* [Problem]: In the listing below, locate the line with "CTA Digital Anti-Theft" and the line with "Piedra conmemorativa para", then output both and everything between them exactly, minus any pictures.

* [Records for this exercise]:
━━━
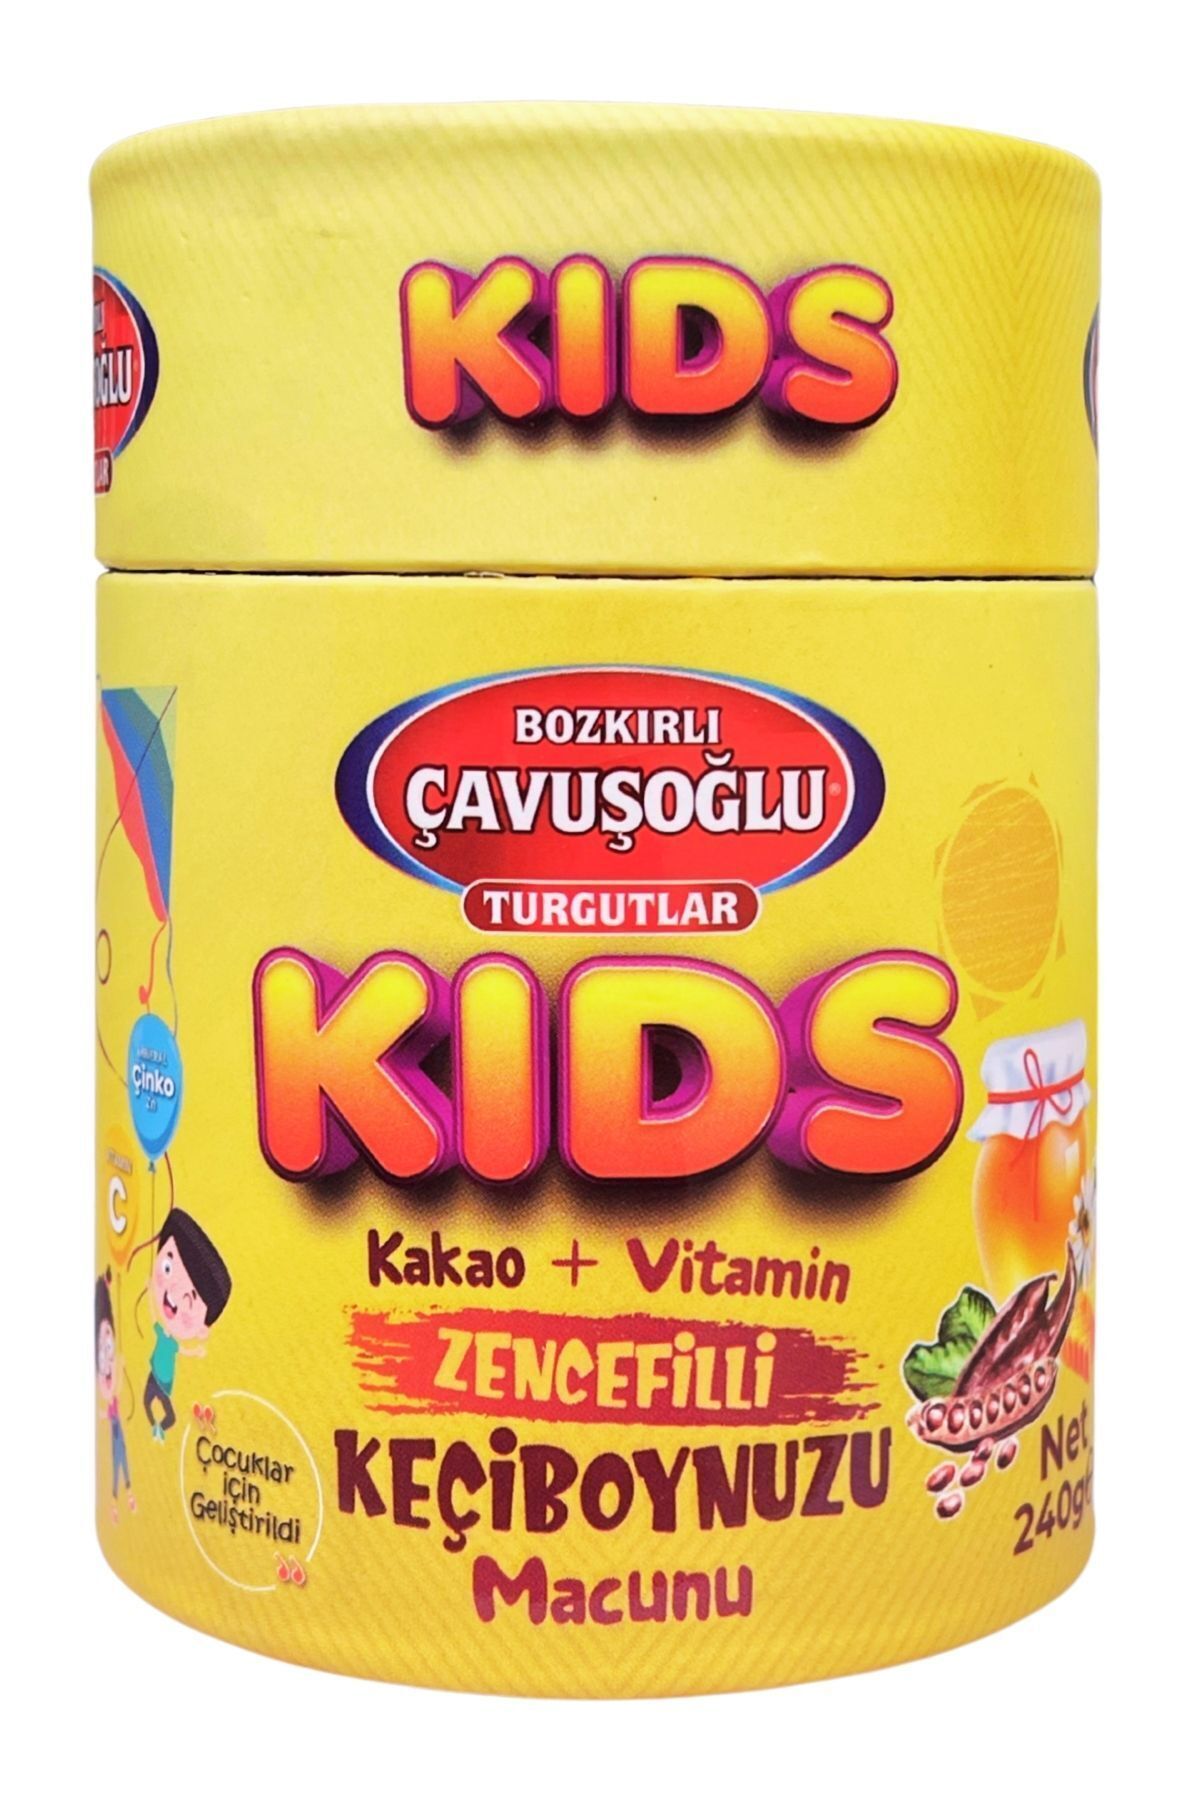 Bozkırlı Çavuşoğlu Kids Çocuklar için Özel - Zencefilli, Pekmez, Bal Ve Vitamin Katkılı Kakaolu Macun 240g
━━━
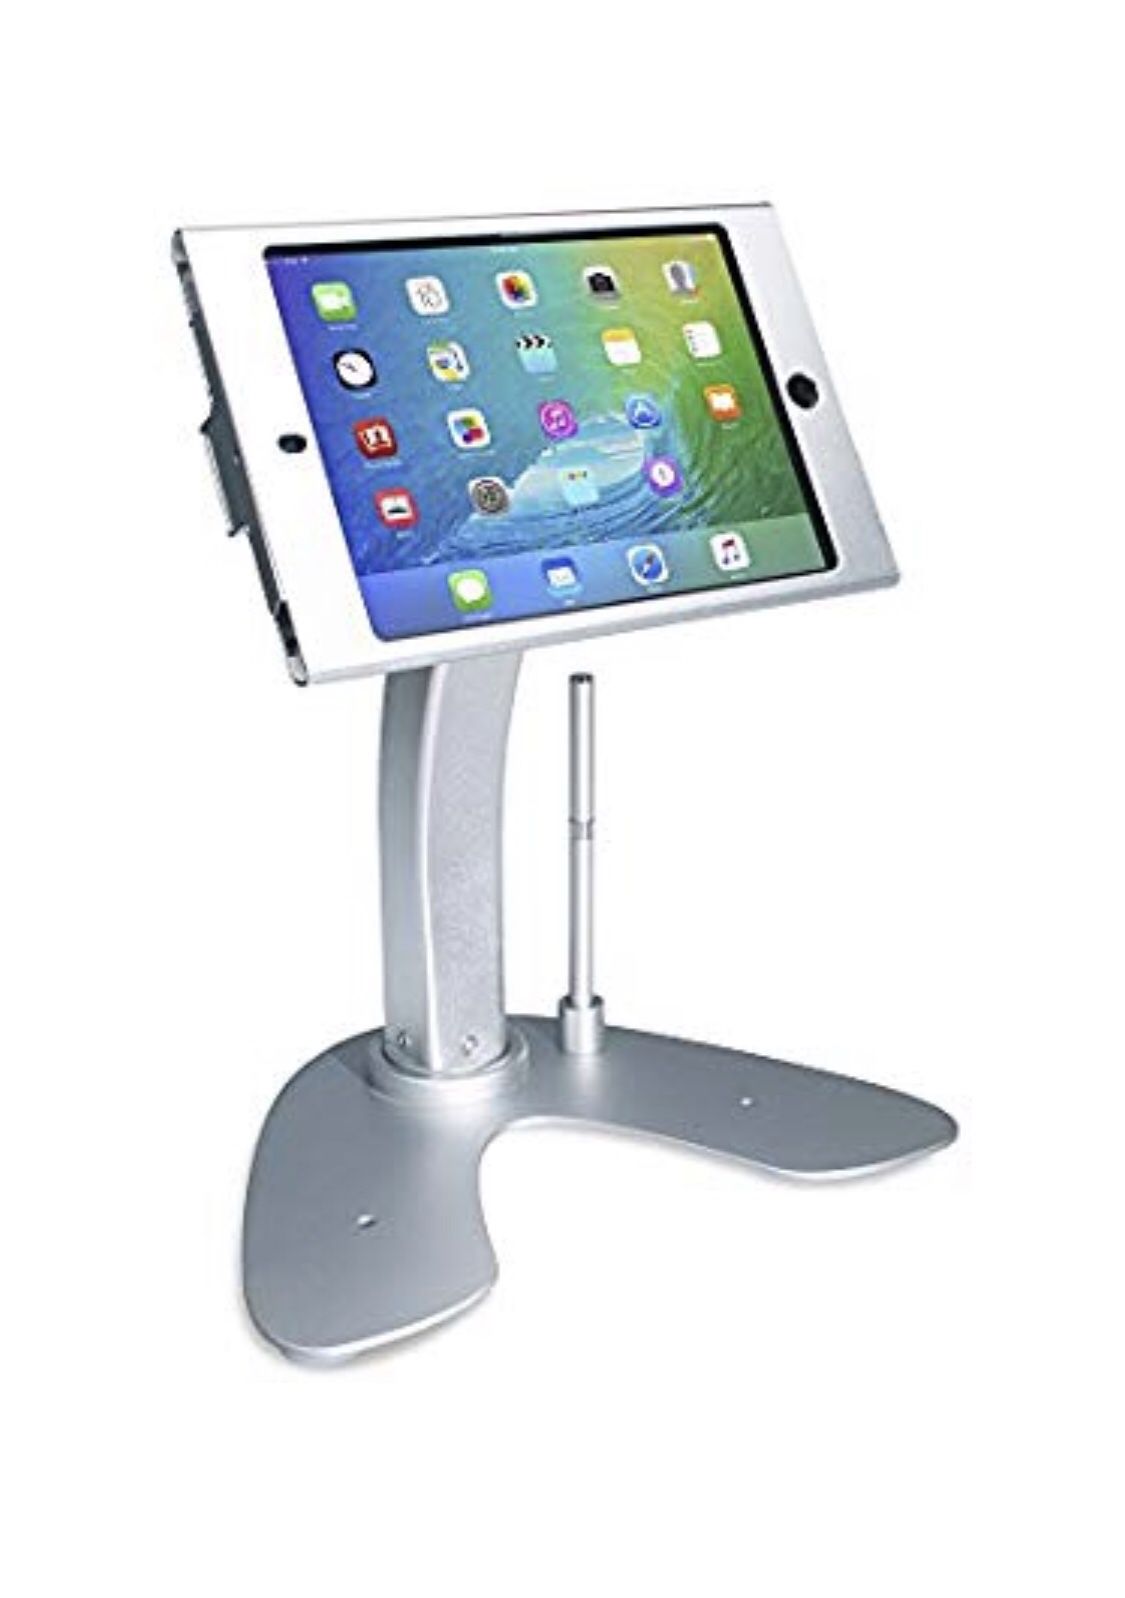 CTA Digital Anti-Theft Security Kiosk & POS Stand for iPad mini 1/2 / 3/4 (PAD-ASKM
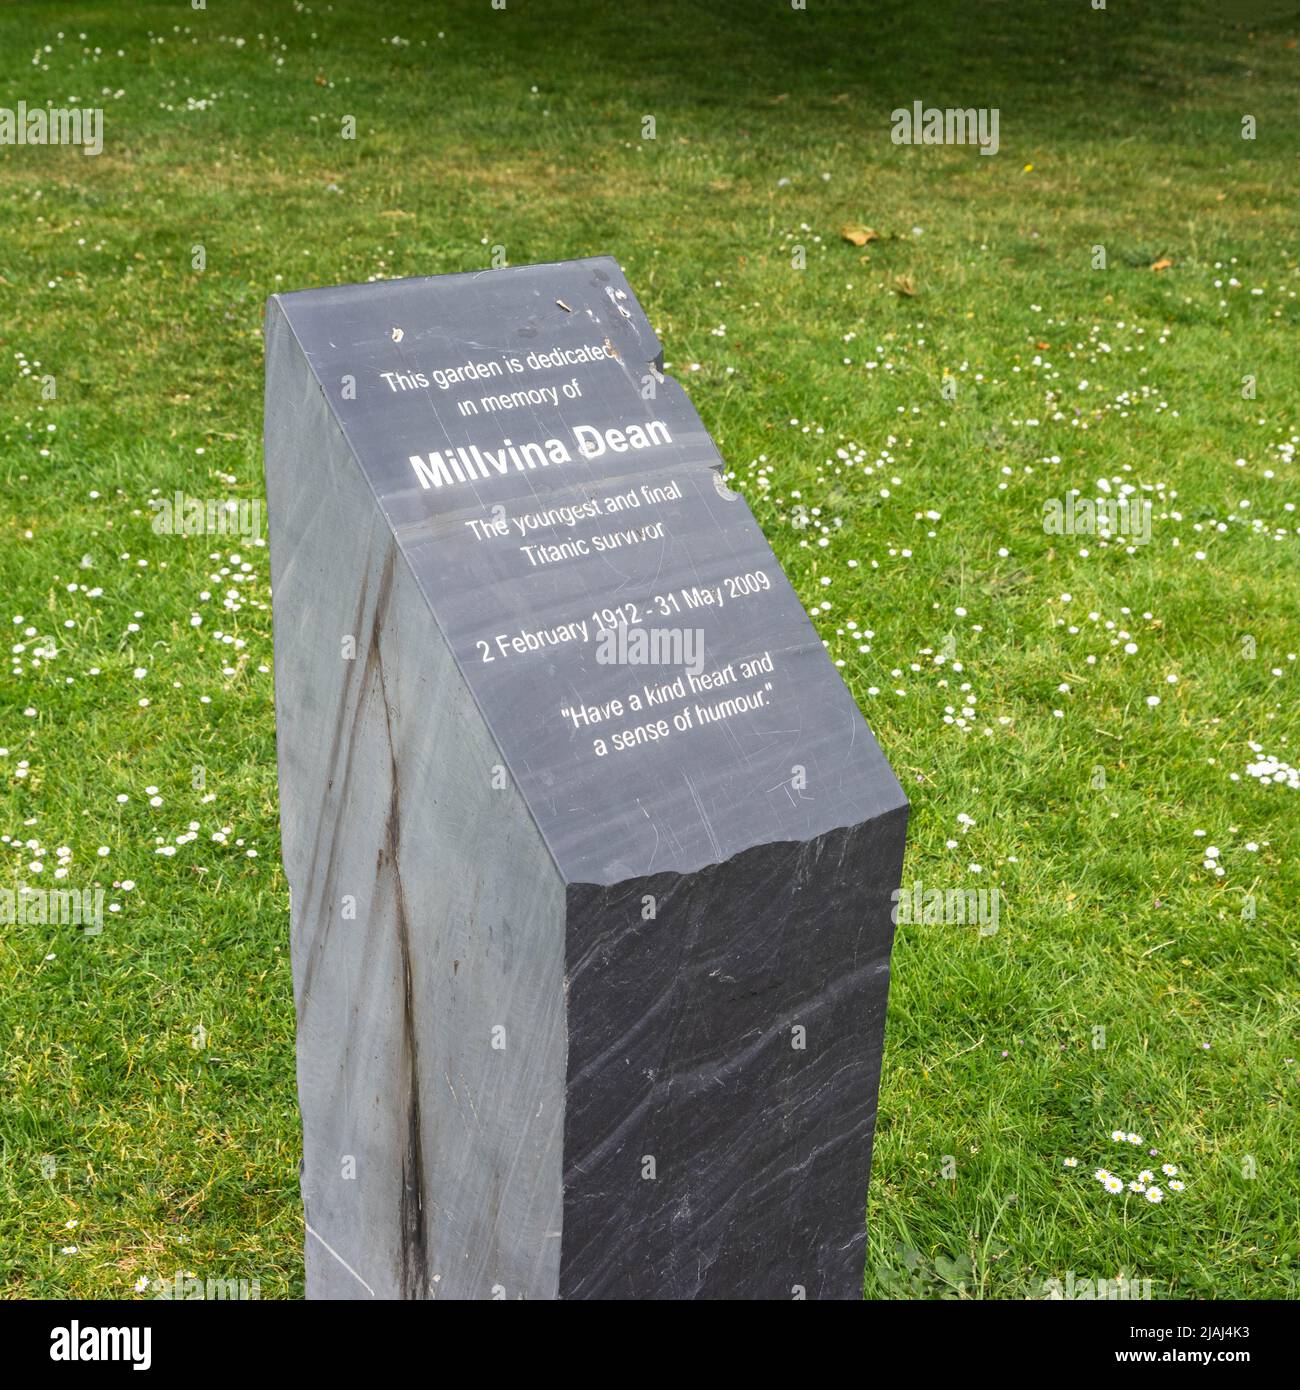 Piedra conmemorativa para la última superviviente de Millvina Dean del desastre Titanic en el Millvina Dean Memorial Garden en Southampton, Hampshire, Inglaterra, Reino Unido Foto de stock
━━━
* [Answer to the exercise]:
 CTA Digital Anti-Theft Security Kiosk & POS Stand for iPad mini 1/2 / 3/4 (PAD-ASKM
 Piedra conmemorativa para la última superviviente de Millvina Dean del desastre Titanic en el Millvina Dean Memorial Garden en Southampton, Hampshire, Inglaterra, Reino Unido Foto de stock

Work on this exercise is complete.